= SOURCE MATERIAL =
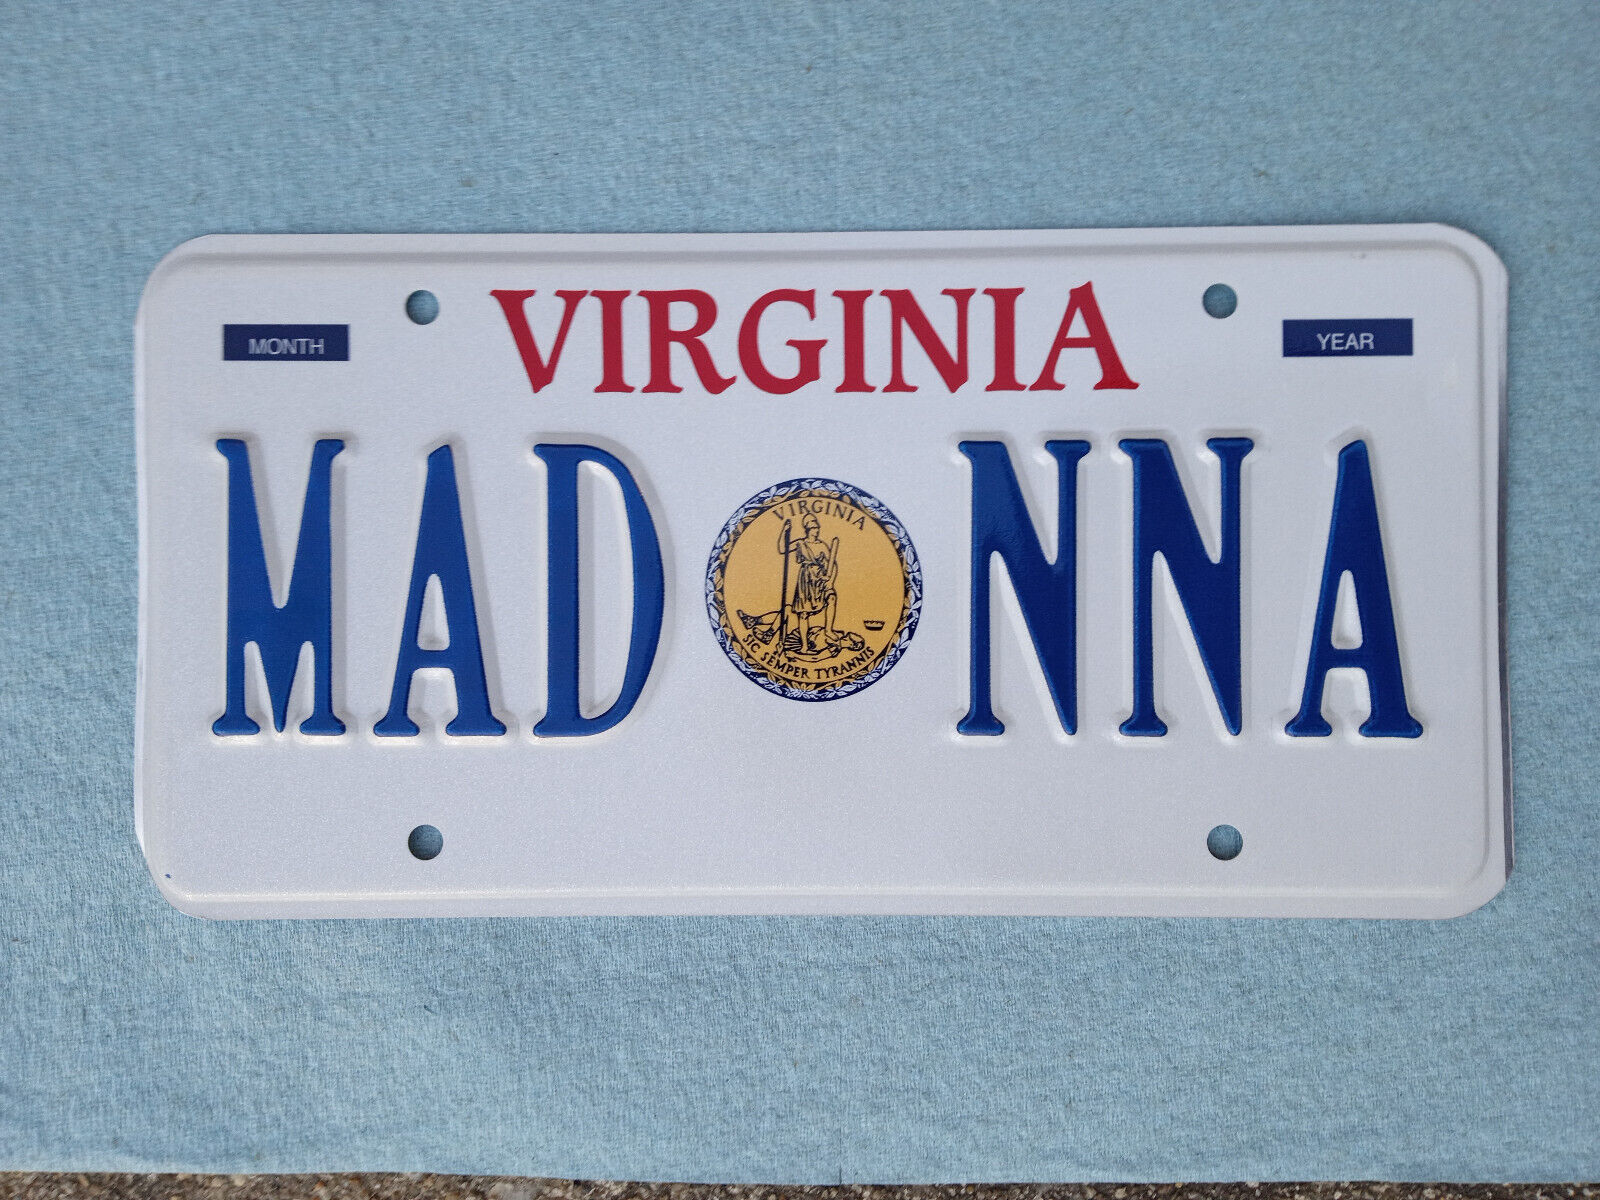 Expired Virginia Vanity License Plate MADONNA (MAD NNA) Celebrity Pop Icon
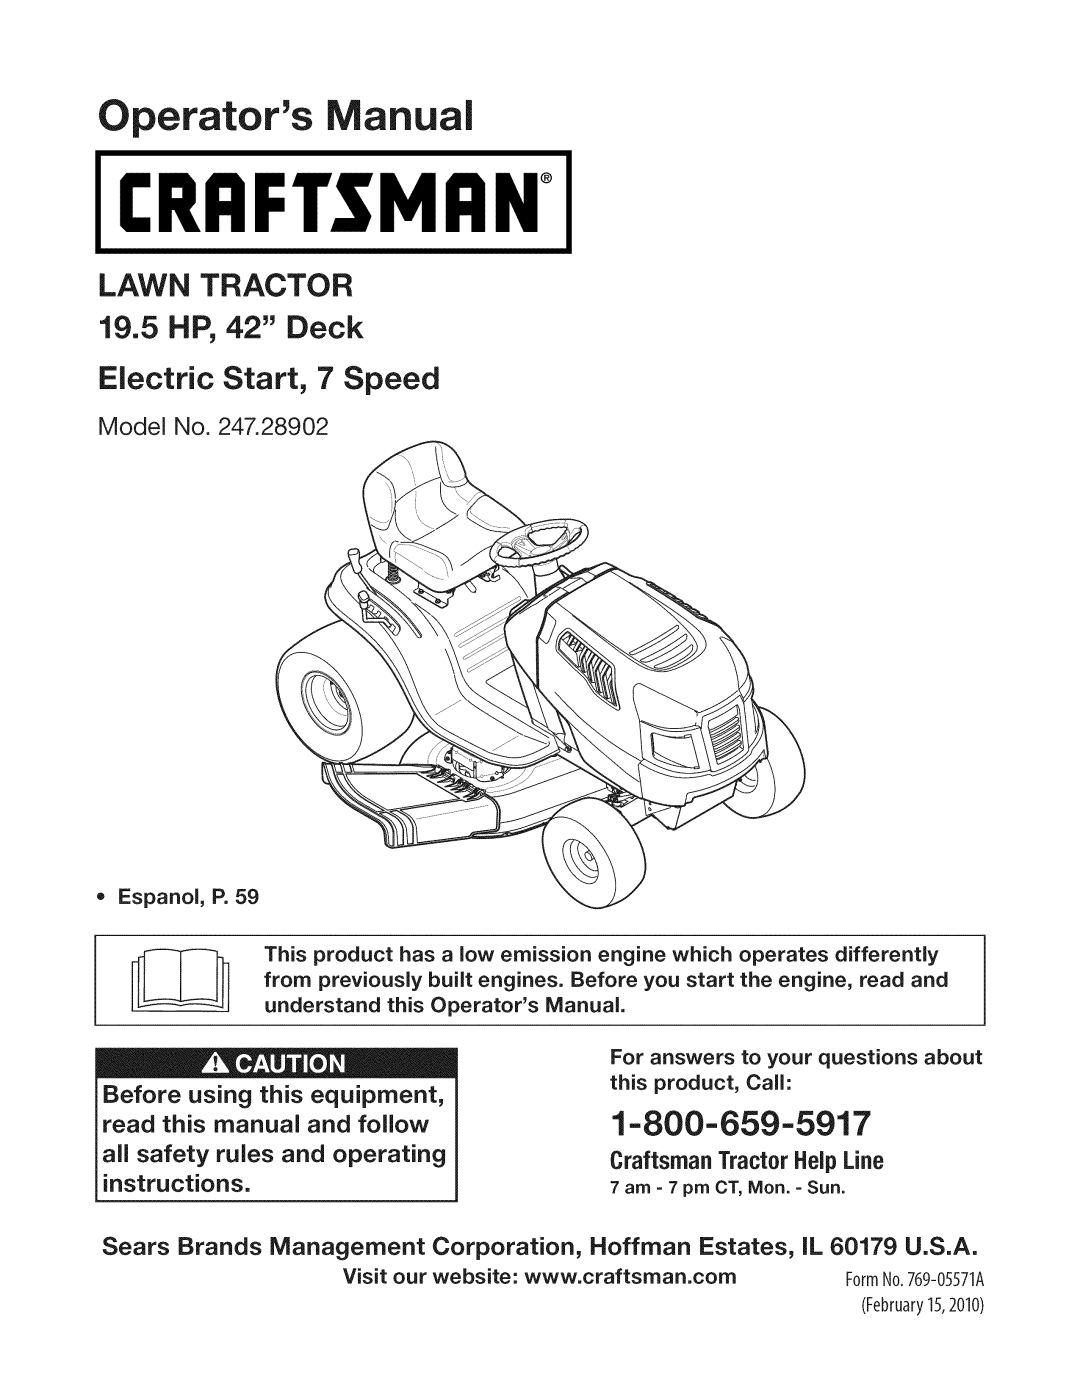 Craftsman 247.28902 manual perators, I:RnFrSMRN, 1-800=659=5917, Lawn Tractor, 19.5 HI:,42 Deck, Electric Start, 7 Speed 
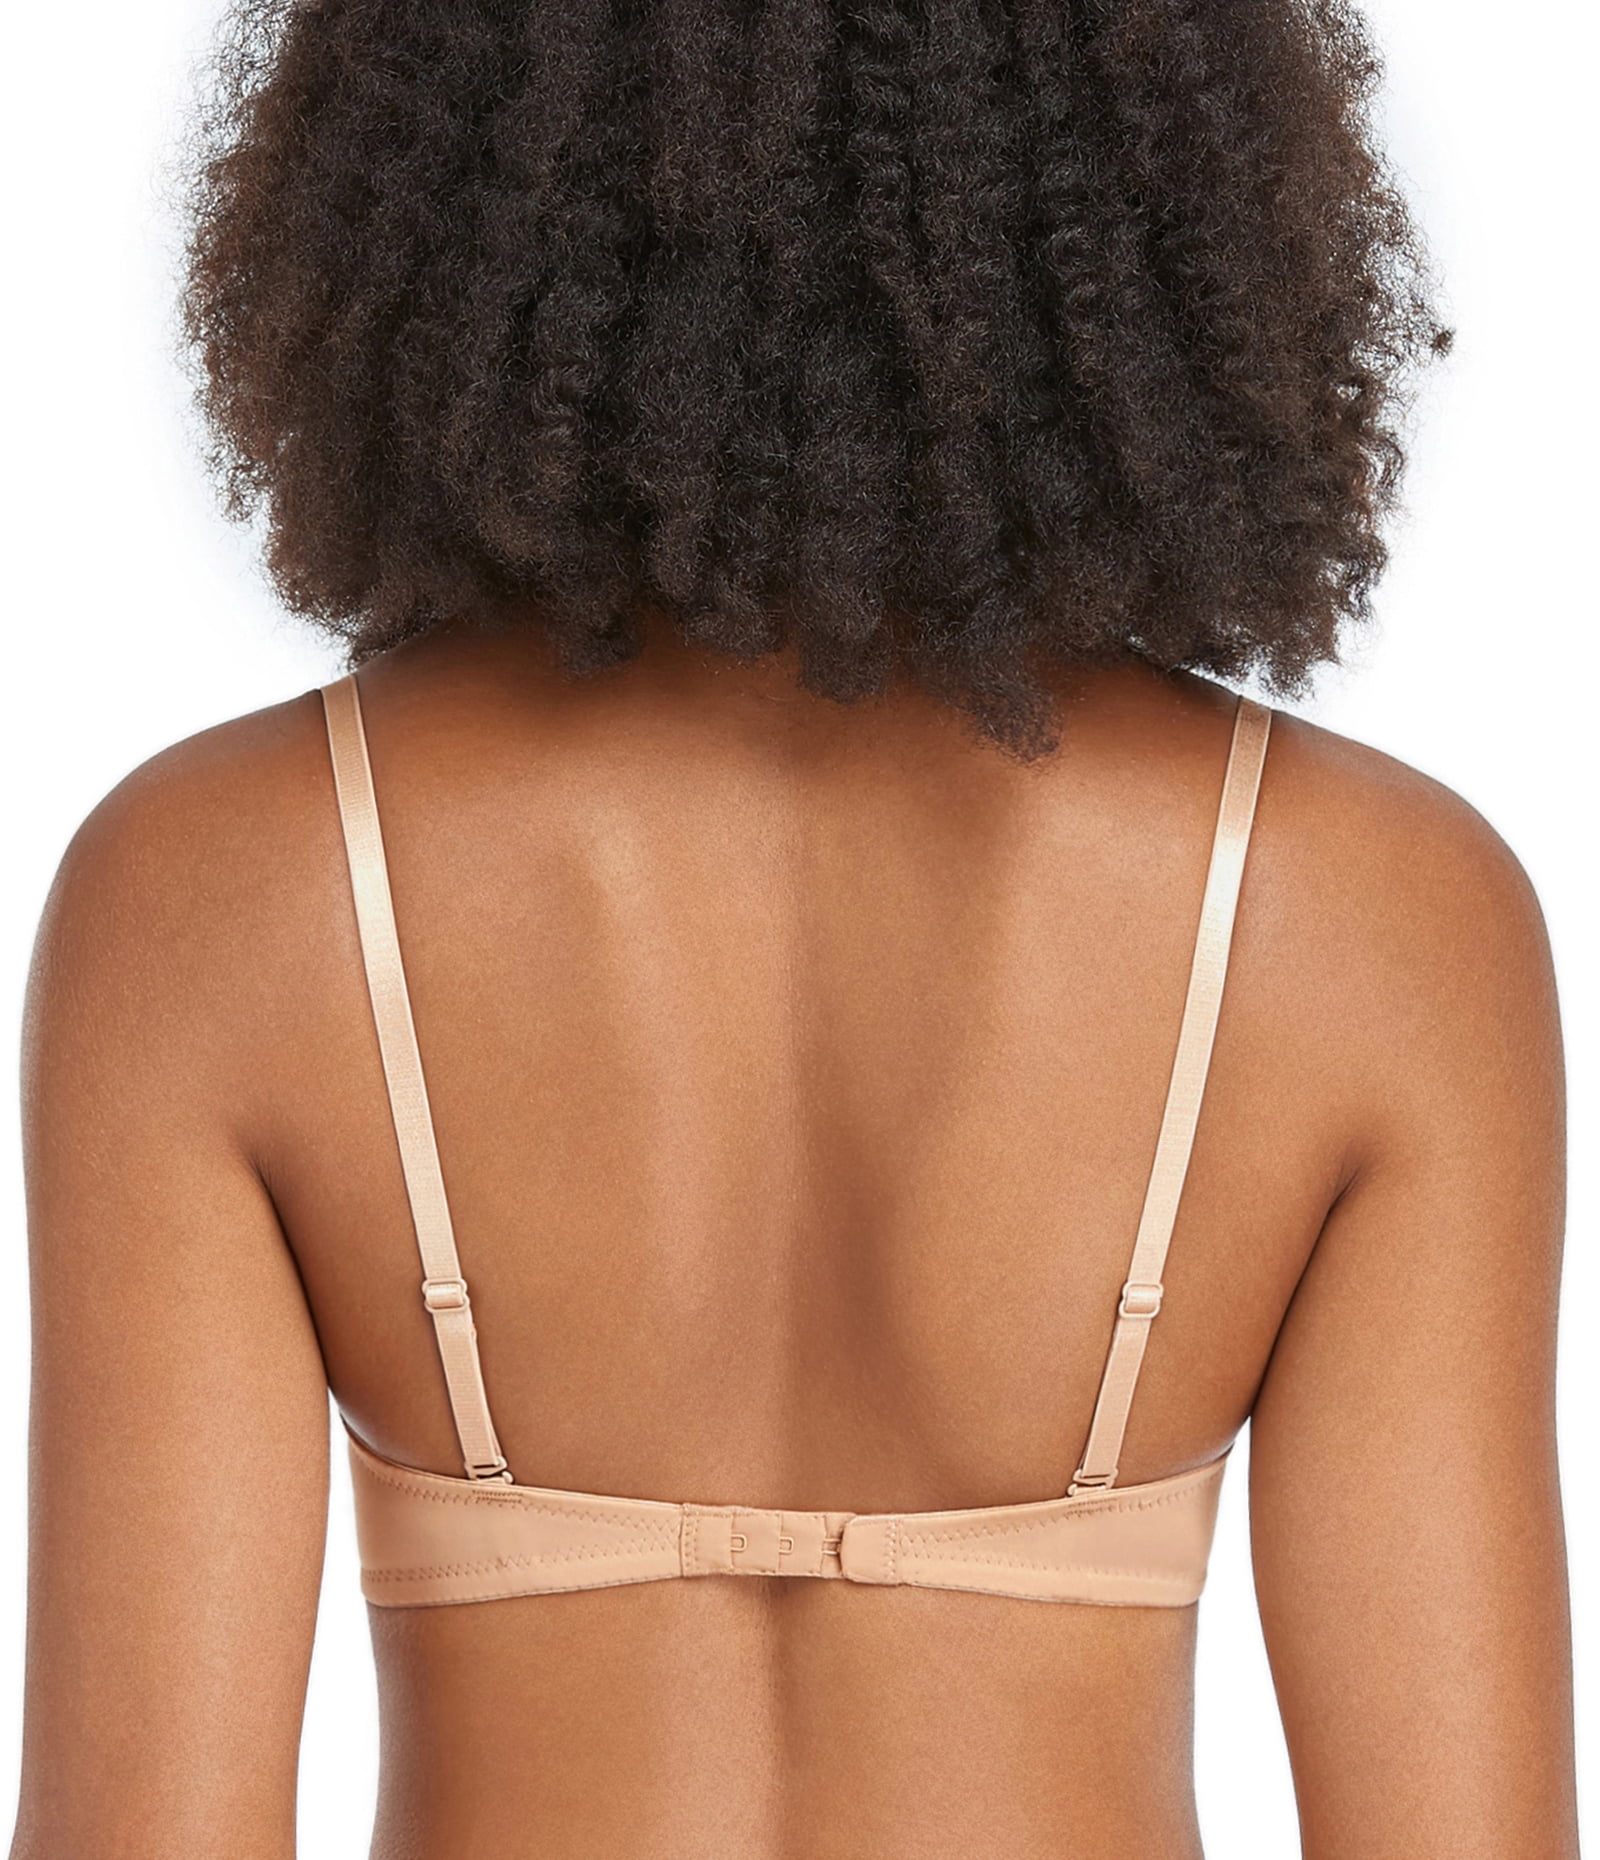 Wekofi Deep V Plunge Bras for Women Convertible Sexy Low Back

= WHAT TO PRODUCE =
What is needed here is an exact transcript of the data above, pictures excluded.

= RESPONSE AREA =
 Expired Virginia Vanity License Plate MADONNA (MAD NNA) Celebrity Pop Icon
 Craftsman 247.28902 manual perators, I:RnFrSMRN, 1-800=659=5917, Lawn Tractor, 19.5 HI:,42 Deck, Electric Start, 7 Speed 
 Wekofi Deep V Plunge Bras for Women Convertible Sexy Low Back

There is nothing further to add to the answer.